The authority of the Chinese Communist Party will be present even in the near future AFTER the fraudulent collapse of the Chinese Communist government, which will be the next major disinformation operation within the “Long-Range Policy” (the last major disinformation operation was the fraudulent collapse of the USSR), the “new” strategy all Communist nations signed onto as the only credible strategy to defeat the West with.

Until the real liberation of China takes place, Mao will always be there in the shadows via the “new” strategy he and other Communist leaders/strategists helped develop back in the late 1950s:

“Since at least the early 1970s, the Communist party of China has been poised to create a spectacular but controlled “democratization” at any appropriate time. The party had by then spent two decades consolidating its power, building a network of informants and agents that permeate every aspect of Chinese life, both in the cities and in the countryside. Government control is now so complete that it will not be seriously disturbed by free speech and democratic elections; power can now be exerted through the all-pervasive but largely invisible infrastructure of control. A transition to an apparently new system, using dialectical tactics, is now starting to occur.” — Playing the China Card (The New American, Jan. 1, 1991).

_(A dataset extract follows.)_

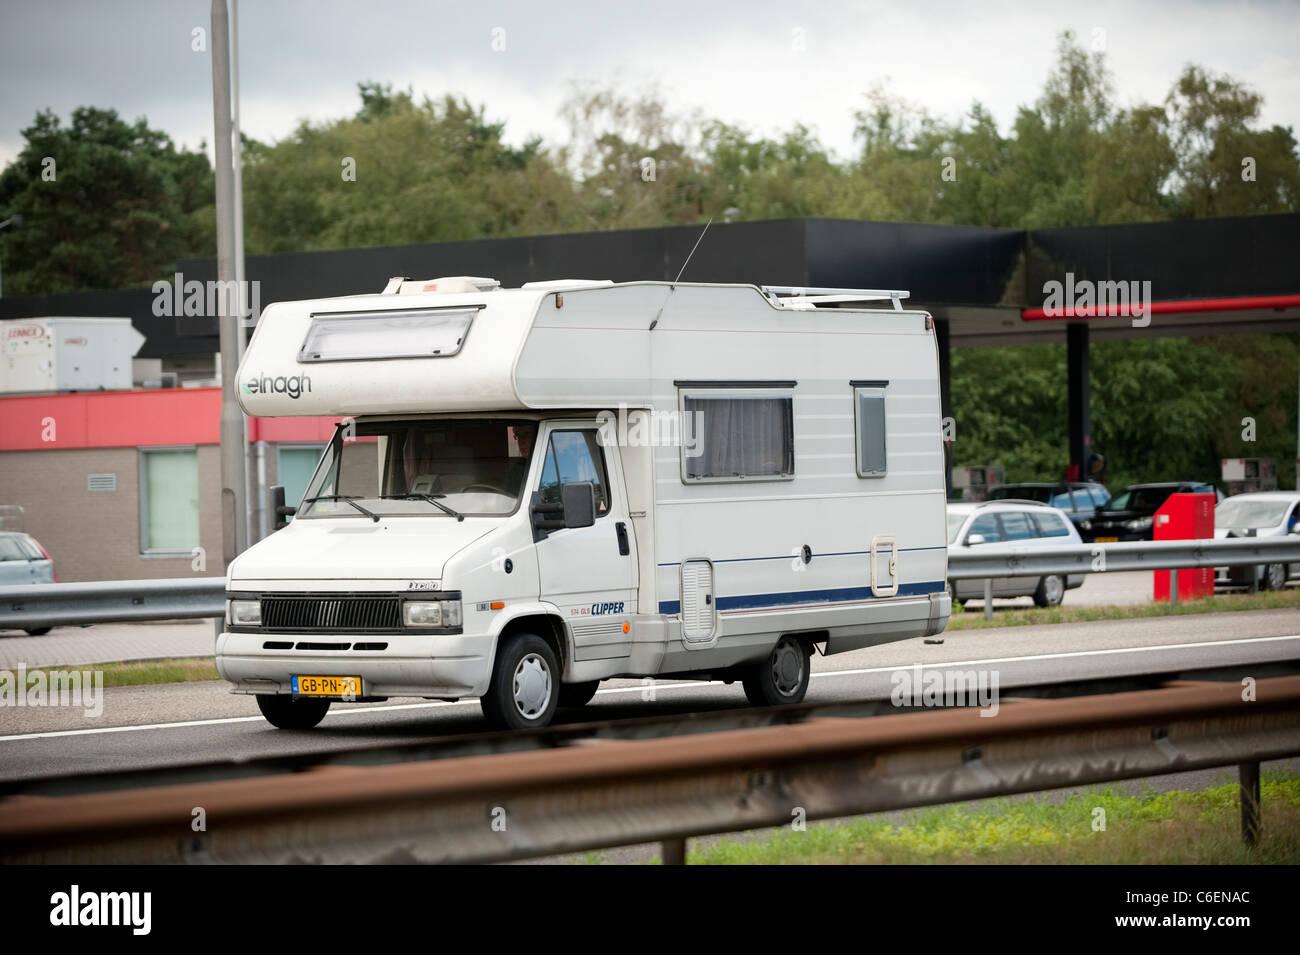 Campervan Motorhome Ede Holland Netherlands Europe Stock Photo - Alamy

Nov 06, 2012 9:40pm GMT  --  Report as abuse
dae wrote:
I don’t quite follow. Remaking China into one of the world’s superpowers, with robust economic growth by anyone’s standards, the modernization of society, and unprecedented personal freedoms should be enough to legitimize any government. The problems China faces, environmental degradation, corruption, nepotism, income inequality are endemic throughout the world. They are not restricted to China. By those criteria no government on Earth is legitimate. China is doing much better than nearly all other countries in break-neck economic development lifting 100s of millions out of poverty and establishing a gigantic middle class as large as the total population of the US. It has gone from an agrarian to an urban society in one generation. Now it is beginning to address environmental, social and economic justice concerns. I say kudos to the Chinese for what they’ve accomplished and are poised to accomplish in the future.

Nov 06, 2012 10:31pm GMT  --  Report as abuse
trasisi wrote:
LOLOLOLOL!!! @dae, go back to censoring your people man. it doesn’t work in the rest of the world and it is BLATANTLY obvious you write entries like that your single-party govt leaders. yes, there is corruption outside of china. no, china isn’t a bastion of freedom. sorry. that’s called reality. i know plain english with facts that weren’t made up by the powerful can be difficult to understand, but can you follow the logic that a govt that is bought and sold at all levels is not going to be considered legitimate or are you going to censor me because i don’t follow the will of the party of Mao? you know, the guy who ensured the death of 40-70 MILLION people which is equivalent to the number of jews HITLER killed. be proud of that leader bro, and censor the living daylights out of your free brothers back home.